Some of the ways of reducing dataset dimension are uniform sub setting, random sub setting, correlated sub setting and PCA sub setting. Here, uniform sub setting truncates dimensions(rows/column) of dataset uniformly. For example, if we want to keep 500 rows, it uniformly selects first 500 rows from original dataset. Random sub setting means it randomly selects dimensions from dataset. Correlated sub setting calculates correlation for given data matrix and returns rows which are having high absolute sum of correlation values. PCA sub setting performs PCA on a small set of columns and all rows, and selects rows which are most correlated to the first ‘n’ principle components. Here ‘n’ is chosen by the function *quick.elbow()* which returns those rows whose variance is greater than the threshold. The number of variables selected corresponding to each component is weighted according to how much of the variance is explained by each component. Flowchart of big.PCA is shown as below:

flashpca R package was an outcome of a 2014 paper titled “Fast Principal Component Analysis of Large-Scale Genome-Wide Data”. flashpca is very useful for our specific purpose, that is to compute PCA on large datasets.

flashpca relies on performing principal component analysis on smaller subset of data that represents most of the variance of data. flashpca uses randomised PCA approach to find out this small matrix. Randomised PCA approach is based on computing a small matrix which captures top Eigen vector and Eigen values of original dataset.

To understand this better, let’s assume we have a dataset

**Xn*p**

Where,

n is the number of rows

p are the number of columns

Let’s say we want “d” top principal component at the output, then randomised PCA computes a small random orthogonal matrix

**R(d+e)*p**

where,

d is the no. of principal component we want

e is additional dimension required to increase accuracy

p is the number of columns in the original matrix Xn*p

After constructing random matrix, we multiply it with the complete data. Multiplying a random vector by a square matrix projects that vector onto the eigenvectors of that matrix. flashpca then computes QR decomposition on that matrix which gives us an orthogonal matrix

**Qn*(d+e)**

where,

n is the number of rows in the original matrix X

d is the no. of principal component we want

e is additional dimension required to increase accuracy

Finally, the transpose of Q is multiplied with X so as to obtain a small matrix of dimension (d+e) x p, i.e.,

**S(d+e)*p = QTn*(d+e) x Xn*p**

It is on this matrix, S, that we perform PCA to obtain the principal component values.

We performed principal component analysis on 500 x 500 data matrix and compared the time taken by different PCA methods (using thin value = 0.5 in bigpca). Time comparison of different ways of PCA can be found in the following table. Looking at this table, we can say that flashpca takes the least time to perform principal component analysis.

We performed principal component analysis on 1000 x 1000 data matrix and compared the RAM consumption of all the three methods.
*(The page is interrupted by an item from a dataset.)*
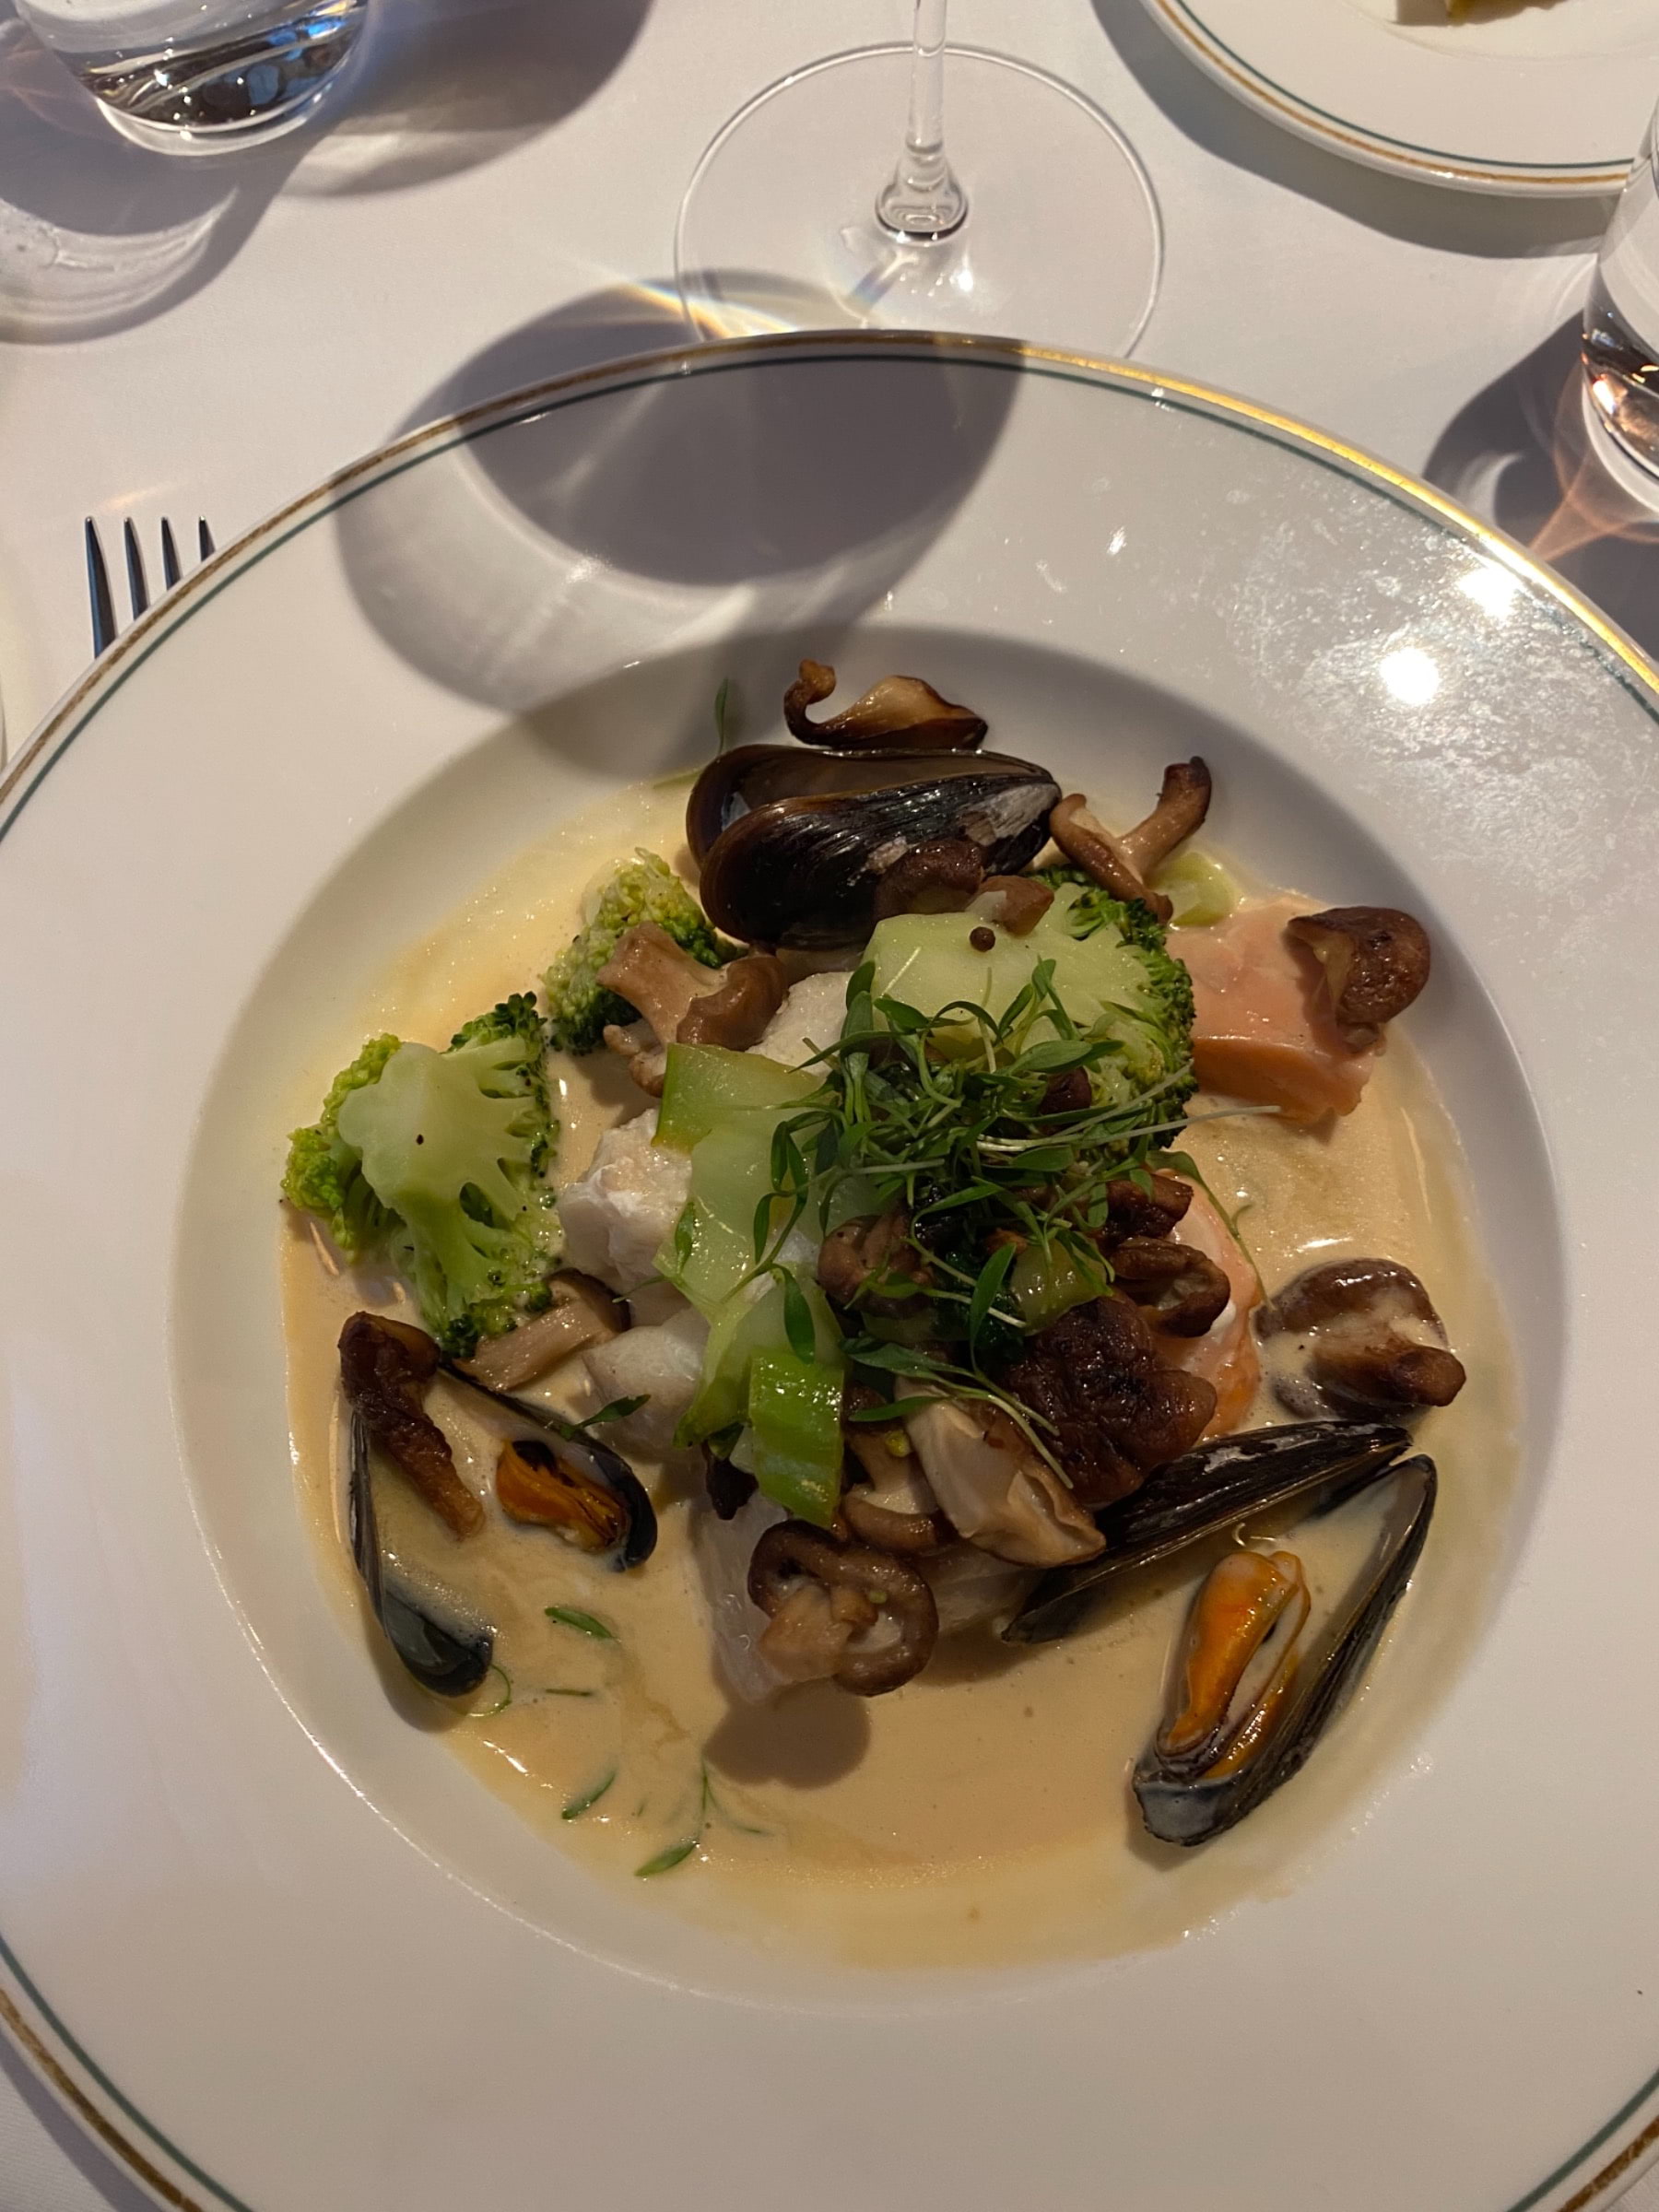 Dagens fisksoppa med torsk, lax, musslor och broccoli.  – Bild från Brasserie Astoria av Sofie L.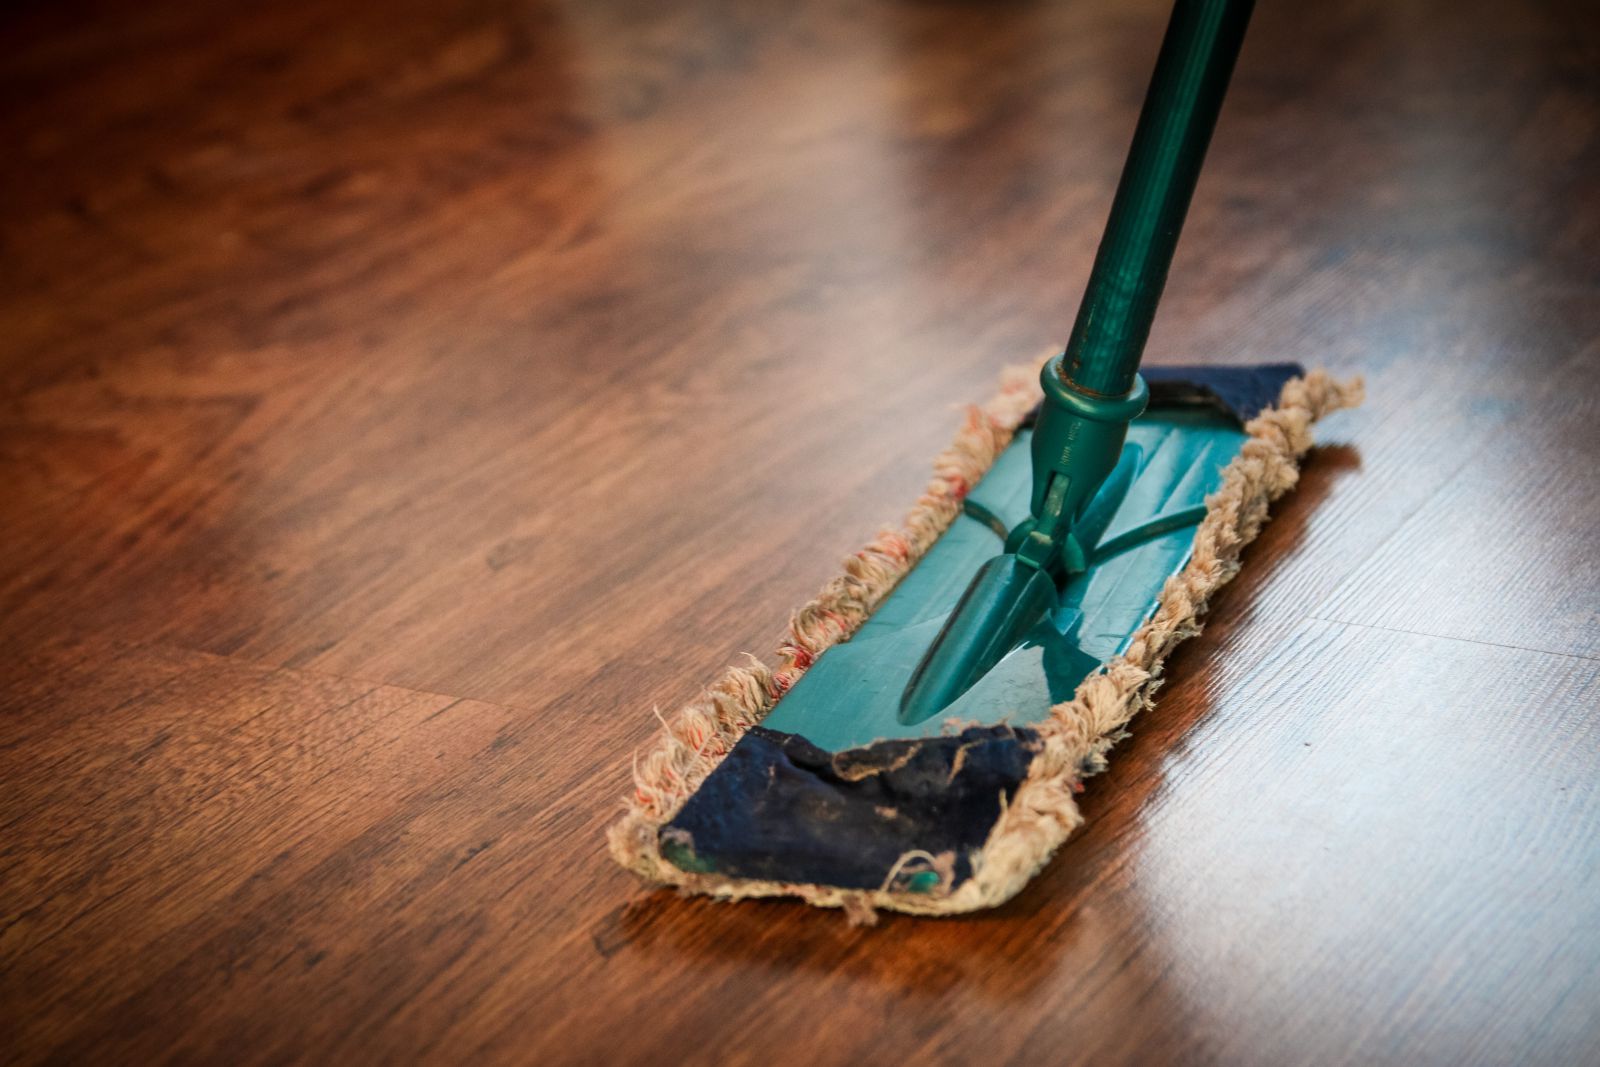 Vệ sinh sàn nhà thường xuyên giúp tăng độ bền sản phẩm và bảo vệ sức khỏe gia đình

From the table below we can say that flashpca requires the least memory consumption to perform principal component analysis.

We compared the result obtained from the different methods of PCA (1000 features) by computing correlation value for the top 3 principal components. Correlation values of the principal component for different PCA method comparison are shown below

From the above table, we can see that there is a high correlation between the results obtained from prcomp and flashpca, whereas bigpca shows less correlation with other methods. In this case we assume that the result of Prcomp is the most reliable.

Clearly, flashpca is the better way to perform principal component analysis as it takes significantly lesser time and memory while still reaching PCs which are very similar to the well validated Prcomp.